Безрод бежал увереннее, чем вчера. Так же хрипел, так же свистело в груди, но уже не вело из стороны в сторону, не шатало, ноги не подгибались. Почти не подгибались. А когда воинство похватало мешки с галькой, Моряй во все глаза глядел за Безродом. Сивый вздернул мешок на плечи, недоуменно замер и повернулся. Свел брови в ниточку, глаза сузил. Оглядел каждого, кто еще не убежал. Моряй взгляд отвел, но того, что Сивый сделал потом, не ожидал никто. Безрод сбросил мешок наземь, поставил на попа, развязал веревку на горлышке, широко раскрыл – и полными горстями стал бросать гальку в мешок. Дружинные в удивлении рты раскрыли. Вот это наглость! Вчера едва концы не отдал, решил сегодня помереть! И только Моряй помрачнел и прищурился. В ночи прокрался на берег и прилично отсыпал из мешка Безрода. Дурень Рядяша такой мешок Сивому снарядил, что только на телеге и возить. Да только зря все это. Сивый не принял помощи. Посчитал за жалость. И правильно посчитал. Помощь от равного принимают, а чужак одной гордостью и жив. Всыпал обратно, как было, и показалось Моряю, что за эти горсти гальки Безрод, не колеблясь, жизнь отдаст. Кровищей изойдет, но ссыпать не позволит. И будет так же у порога принимать сапог в грудь, пока не заметит, откуда летит… Шутливого побоища до первой крови не будет. Серые глаза промозгло спокойны, в них плещется холодная решимость. Больше ничего не разобрать. И глаза-то каждый день разные, то синие, то серые! Вот ведь чудеса! Моряй в сердцах плюнул и убежал. Сегодня не его очередь сопли Безроду подтирать.

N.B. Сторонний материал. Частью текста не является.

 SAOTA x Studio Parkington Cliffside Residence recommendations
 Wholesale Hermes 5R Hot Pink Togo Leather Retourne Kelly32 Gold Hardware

Сивый опоздал, но меньше, чем вчера. Парни только-только отправлялись давить подушки после обеда, когда двое, Безрод и Дровень ступили на двор. Безрод шатался не в пример меньше вчерашнего, да и на губах играла холодная ухмылка. Сивый задержался у порога, пропустил всех до единого, и только тогда встал на пороге. Застил свет.
– Вон от двери, душегуб. – Сапог ударил в грудь.
Безрод прищурил глаза. Успел увидеть наглый оскал Гривача и услышать его икающий смешок. Не стал сапог ловить, хотя очень хотелось. Мочи не было, как хотелось. Слаб еще. Рука не та. Поймать не поймал бы, только оконфузился. Прошел в свой угол и бревном повалился на ложе.
Все поселения на полдня пути от Сторожища обезлюдели. Селяне, прослышав о близкой войне, уходили в леса, в глубь стороны. Побитые рати со всей округи стекались к Сторожищу. Город запасался всем, чем мог.
Подошли остатки избитых млечских дружин, и княжий терем превратился в один большой военный стан. И, по-прежнему один, в стороне от всех держался только Безрод.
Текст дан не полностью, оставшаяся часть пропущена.